Он даже не обернулся.
Илья просидел на краю кровати минут двадцать. Может, больше. Время словно потеряло смысл. Светлана суетилась рядом — одевалась, что-то говорила, но он её не слышал. В ушах стоял только звук захлопнувшейся двери.
— Мне нужно идти, — наконец произнесла она. — Илья, ты меня слышишь?
Он кивнул, не поднимая головы.
— Позвони мне, — Светлана наклонилась, поцеловала в макушку. — Мы всё обсудим, да?
Когда она ушла, в квартире стало совсем пусто. Илья встал, дошёл до кухни, включил чайник. На автомате.
Телефон. Нужно позвонить Марине.
Первый звонок. Второй. Пятый. Абонент недоступен.
— Чёрт, — выругался он и набрал номер старшего сына.

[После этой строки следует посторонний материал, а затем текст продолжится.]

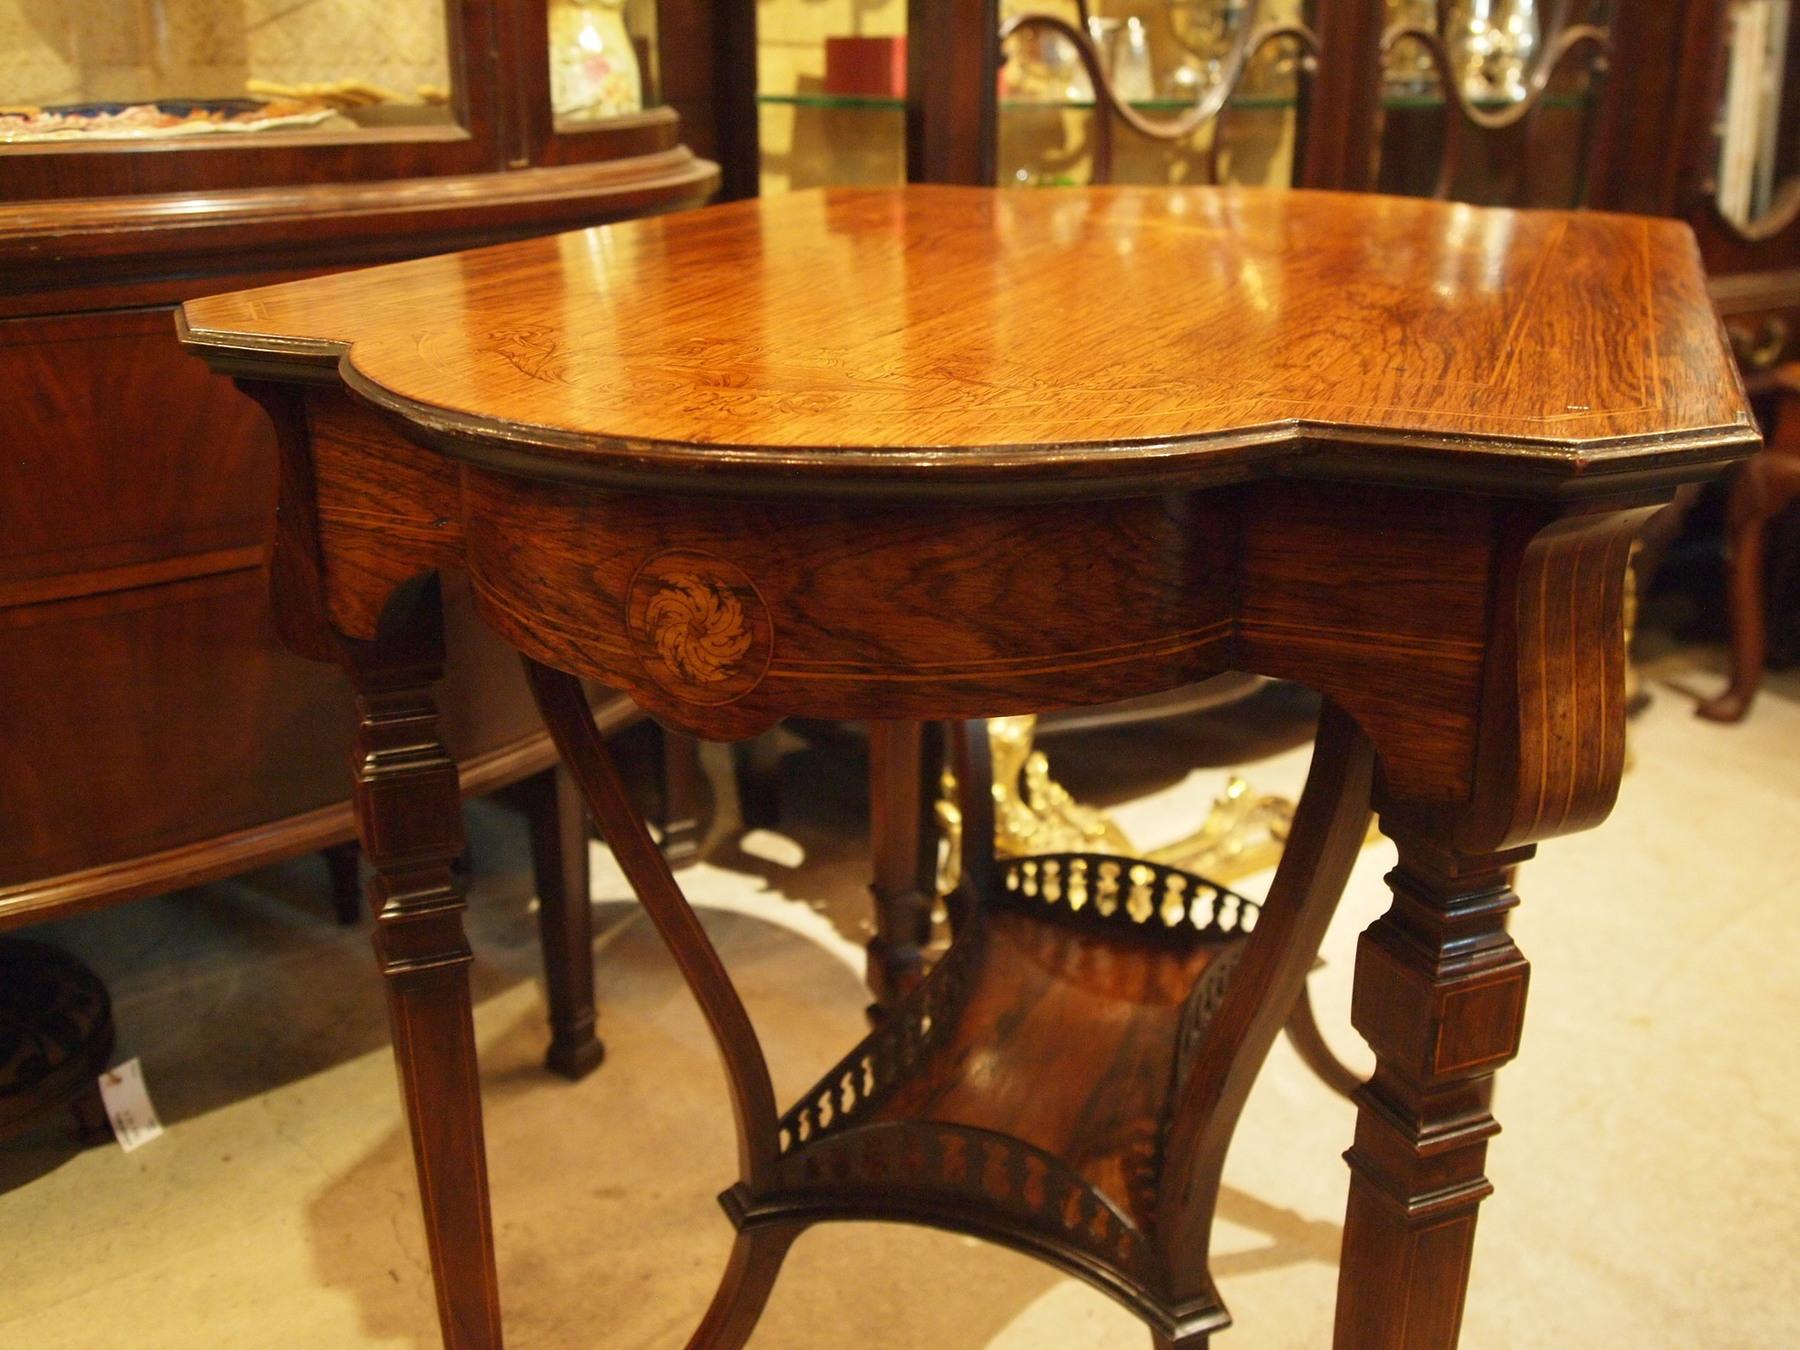 table200628_11.JPG

Виктор жил в соседнем районе, своя семья, но с родителями поддерживал связь.
— Пап? — удивлённый голос. — Что-то случилось?
— Витя, мама к вам не приезжала?
— К нам? А что, она уже вернулась? Думал, завтра только.
— Вернулась, — Илья сглотнул. — Мы поругались. Она ушла.
Пауза. Долгая такая.
— Серьёзно поругались?
— Да.
— Понял. Если что узнаю — позвоню.
После разговора с сыном Илья понял: врать больше не получится. Дети рано или поздно узнают правду. Марина расскажет. Или не расскажет — но они почувствуют.
Вечер тянулся бесконечно
Он прошёлся по квартире — везде следы Марины. Её тапочки у порога. Фотографии на комоде — свадьба, рождение детей, отпуска… Её крем на тумбочке, книга с закладкой.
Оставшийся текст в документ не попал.